MIT Jameel Clinic faculty co-lead Regina Barzilay features on the PBS Nova documentary 'AI revolution'

Cambridge, Massachusetts

On 27 March 2024, Professor Regina Barzilay, faculty lead for artificial intelligence (AI) at the MIT Jameel Clinic, appeared on the PBS Nova documentary 'AI revolution' to discuss the role of AI in cancer detection. An excerpt from the film and transcript are below. The full documentary can be watched here:



Miles O'Brien: Computer scientist Regina Barzilay first started working on artificial intelligence in the 1990s, just as rule-based AI, like Deep Blue, was giving way to neural networks. She used the techniques to decipher dead languages. You might call it a small-language model.

Regina Barzilay: Something that is fun and intellectually very challenging, but it’s not like it’s going to change our life.

Miles O'Brien: And then, her life changed, in an instant.

Constance Lehman: We see a spot there.

Miles O'Brien: In 2014, she was diagnosed with breast cancer.

Regina Barzilay: When you go through the treatment, there are a lot of people who are suffering. I was interested in what I can do about it, and, clearly, it was not continuing deciphering dead languages. And it was quite a journey.

Miles O'Brien: Not surprisingly, she began that journey with mammograms.

Constance Lehman: It’s a little bit more prominent.

Miles O'Brien: She and Constance Lehman, a radiologist at Massachusetts General Hospital, realised the Achilles heel in the diagnostic system is the human eye.

Regina Barzilay: So, the question that we ask is, what is the likelihood of these patients to develop cancer within the next five years? We, with our human eyes, cannot really make these assertions because the patterns are so subtle.

Constance Lehman: Now, is that different from the surrounding tissue?

Miles O'Brien: It’s a perfect use case for pattern recognition, using what is known as a convolutional neural network.

Here’s an example of how CNNs get smart: they comb through a picture with many virtual magnifying glasses. Each one is looking for a specific kind of puzzle piece, like an edge, a shape or a texture. Then it makes simplified versions, repeating the process on larger and larger sections.

Eventually the puzzle can be assembled. And it’s time to make a guess. Is it a cat? A dog? A tree? Sometimes the guess is right, but sometimes it is wrong. And here’s the learning part: with a process called backpropagation, labelled images are sent back to correct the previous operation. So, the next time it plays this guessing game, it will be even better.

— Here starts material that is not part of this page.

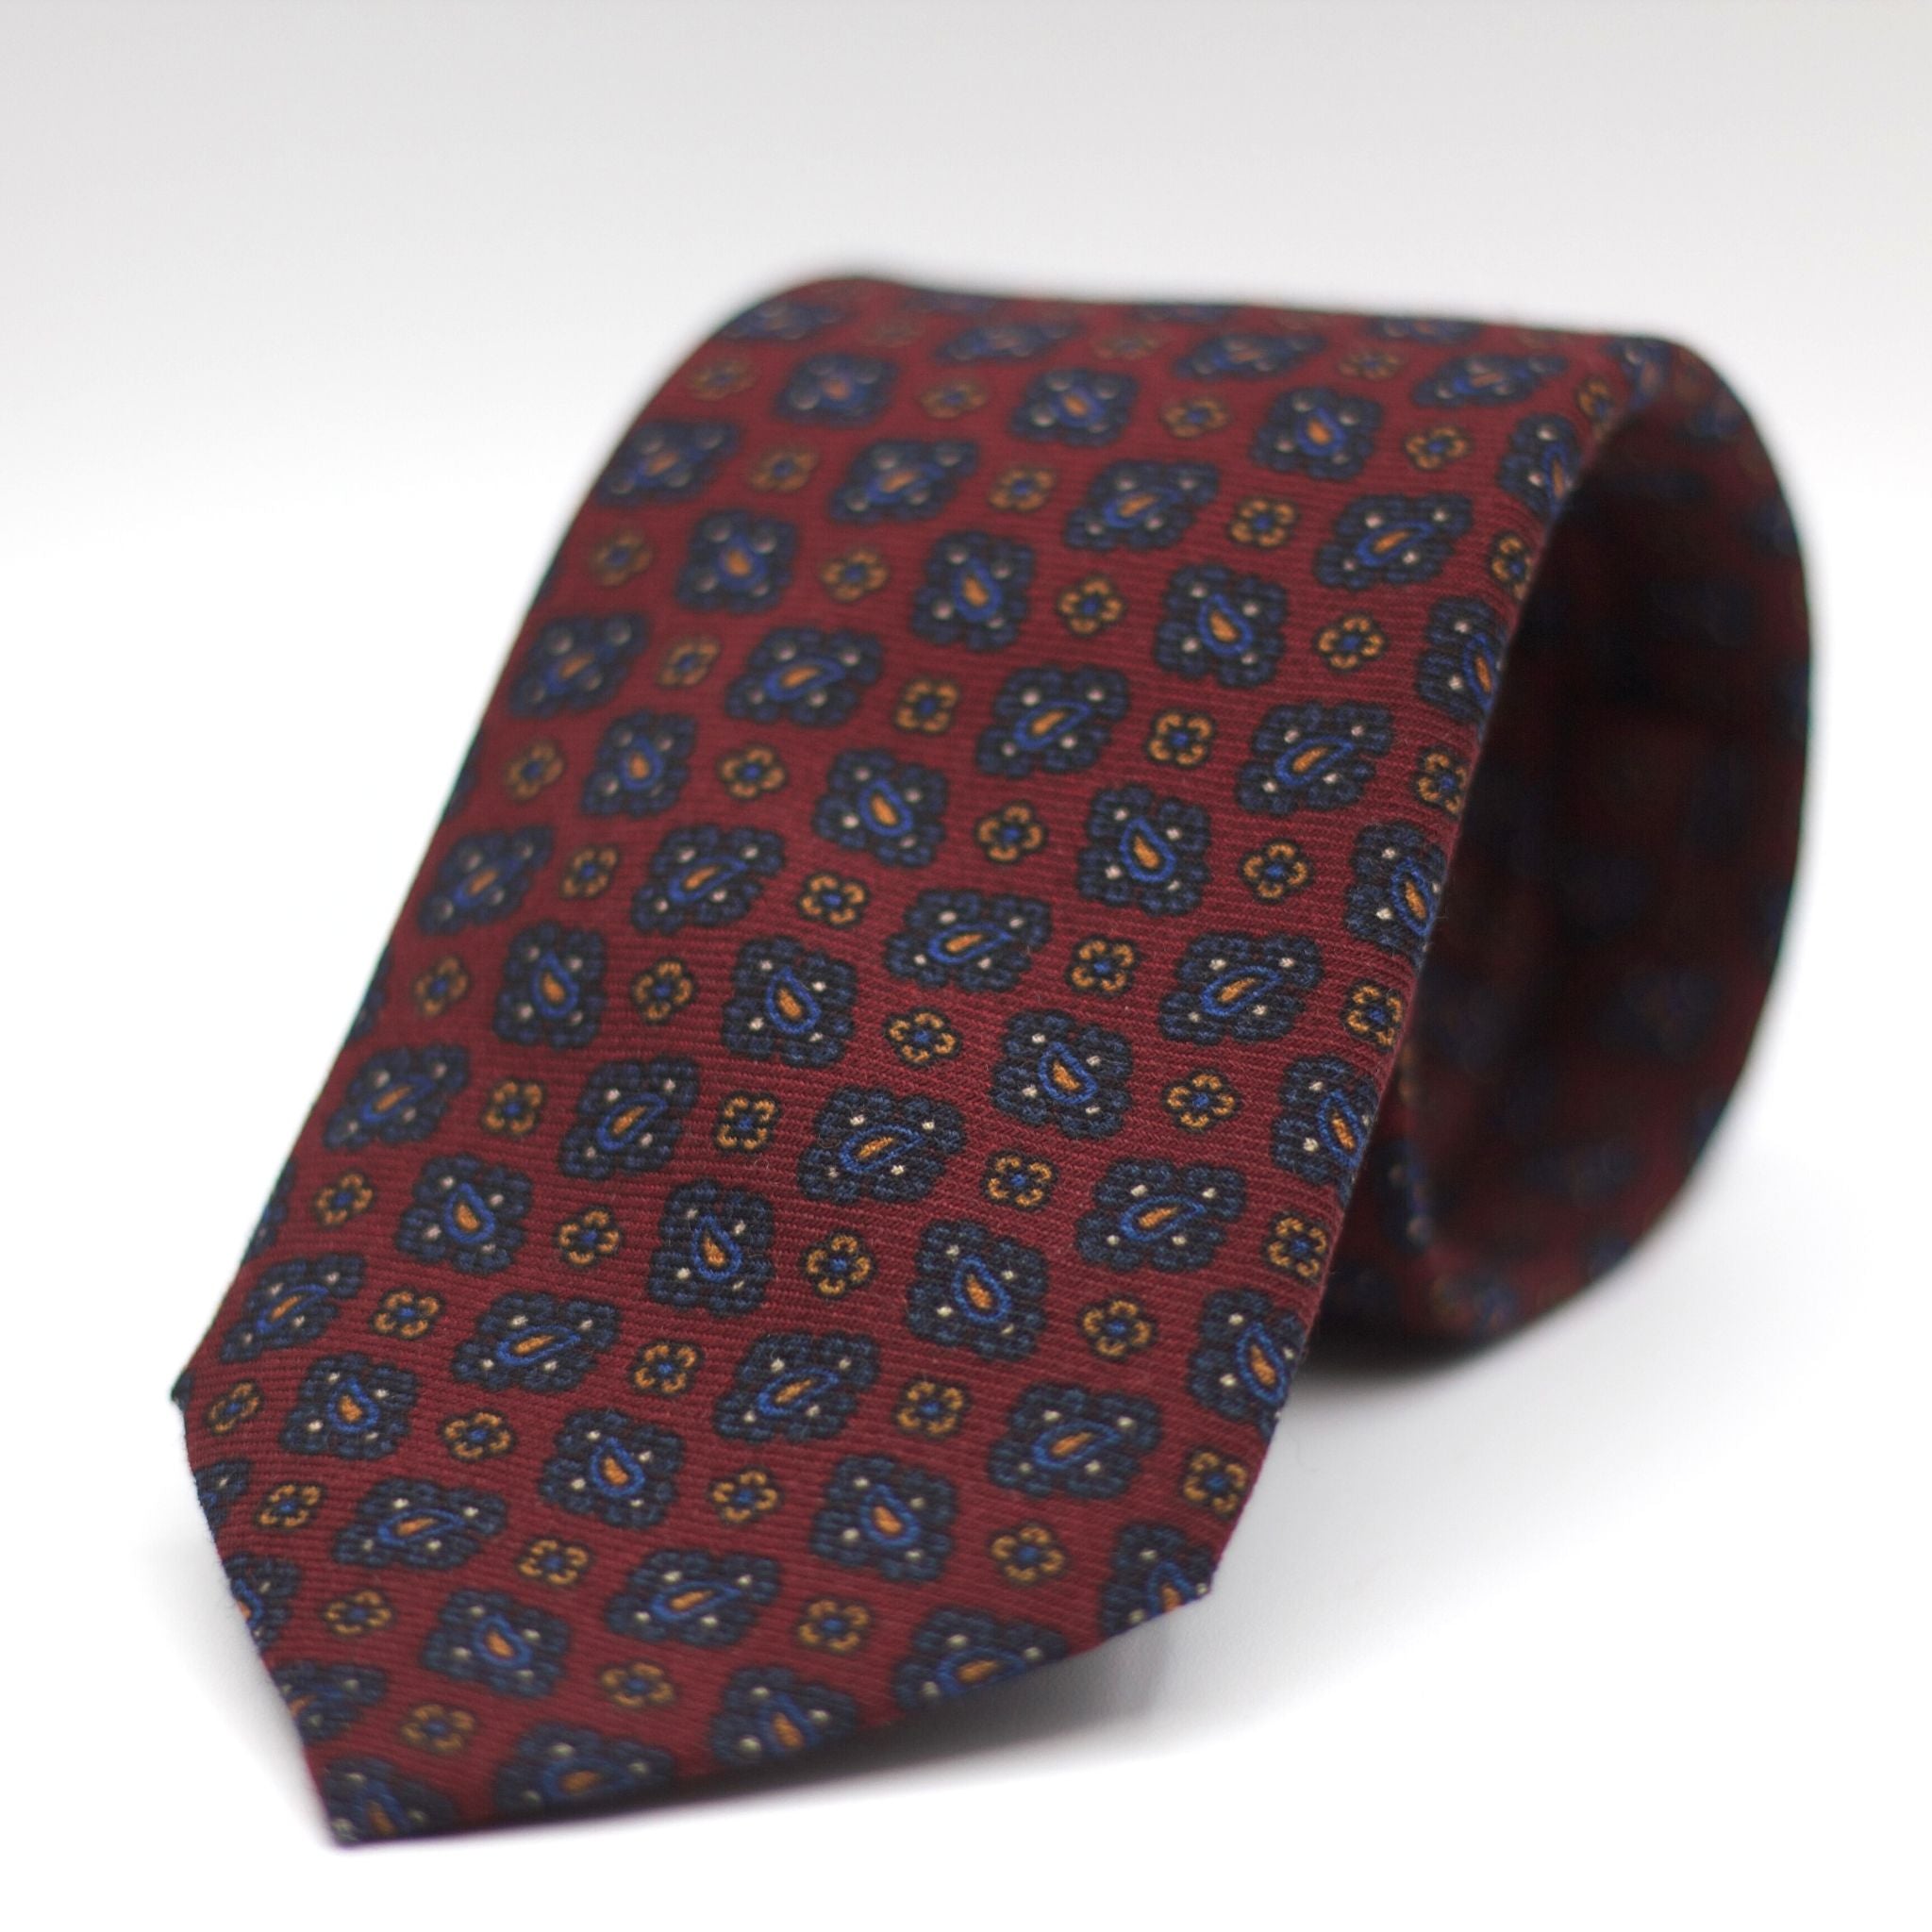 Holliday & Brown for Cruciani & Bella 100% Printed Wool  Self-Tipped Burgundy, Blue, Orange and White Motif Tie Handmade in Italy 8 cm x 148 cm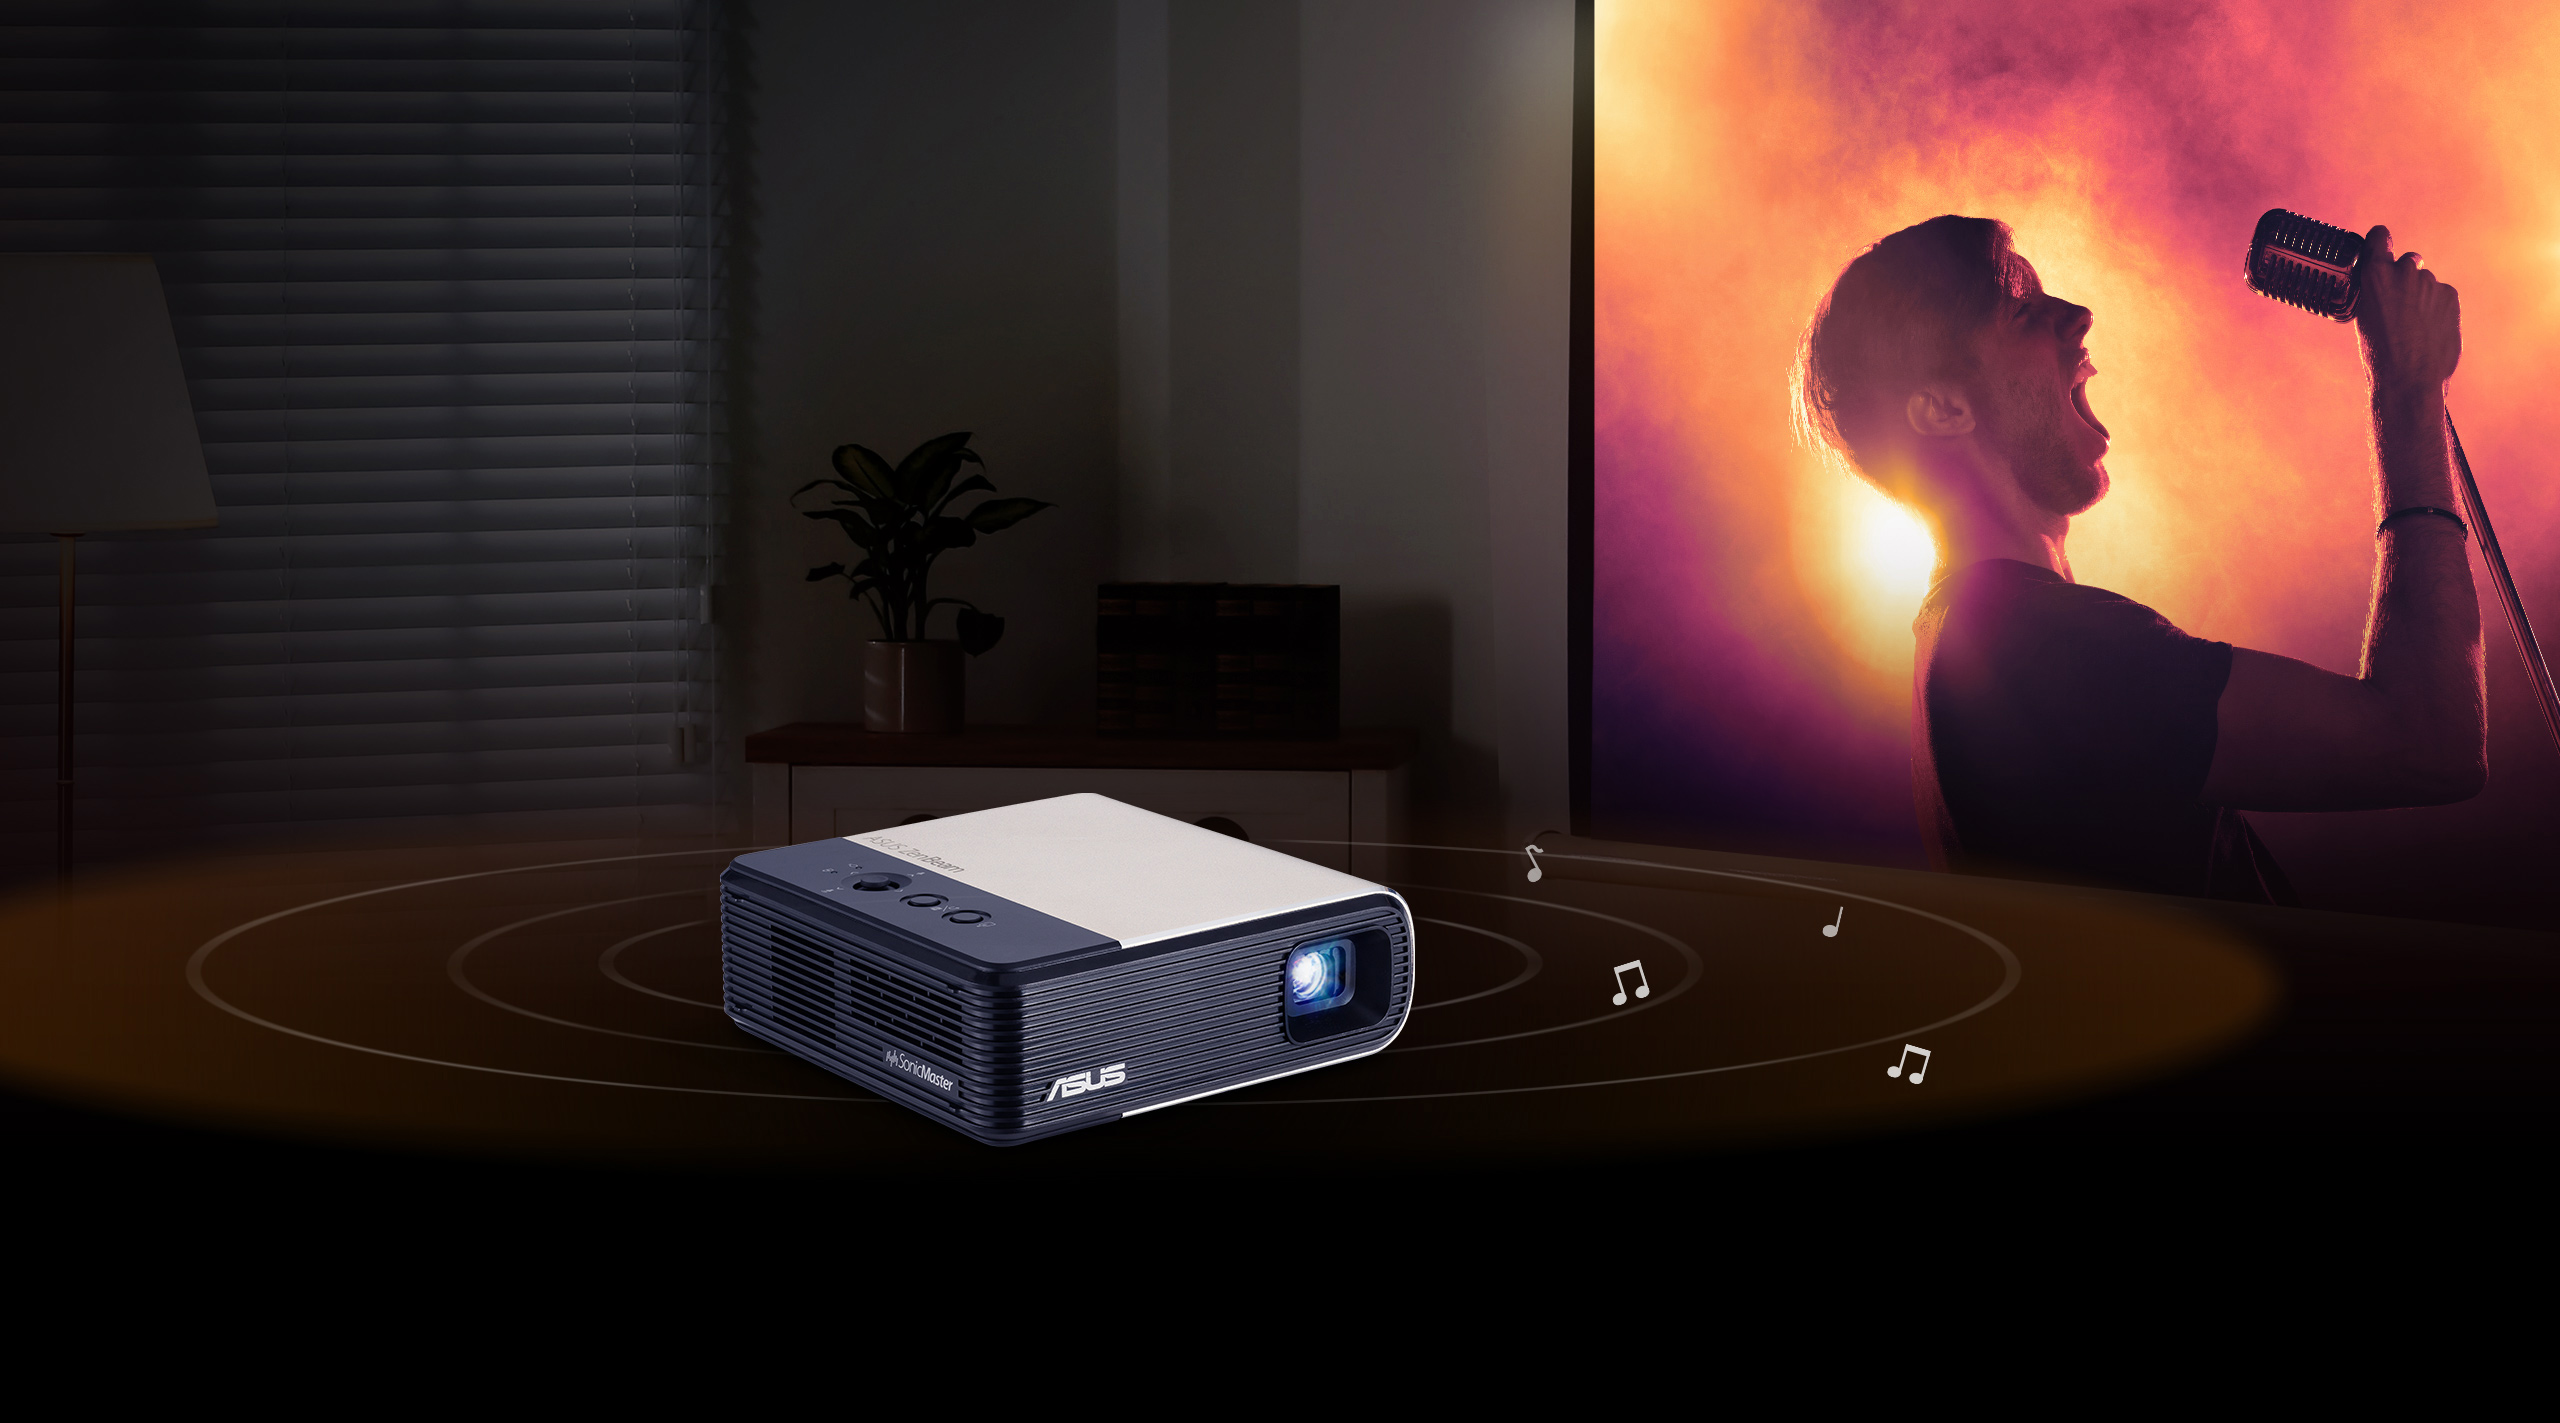 ASUS ZenBeam E2 includes a built-in 5-watt speaker with ASUS SonicMaster technology offers amazing audio

To validate the model, Regina and her team gathered up more than 128,000 mammograms collected at seven sites in four countries. More than 3,800 of them led to a cancer diagnosis within five years.

Regina Barzilay: You just give to it the image and then the five years of outcomes. And it can learn the likelihood of getting a cancer diagnosis.

Miles O'Brien: The software, called Mirai, was a success. In fact, it is between 75 and 84 percent accurate in predicting future cancer diagnoses. Then, a friend of Regina’s developed lung cancer.

Lecia Sequist: In lung cancer, it’s actually sort of mind boggling how much has changed.

Miles O'Brien: Her friend saw oncologist Lecia Sequest. She and Regina wondered if artificial intelligence could be applied to CT scans of patients’ lungs.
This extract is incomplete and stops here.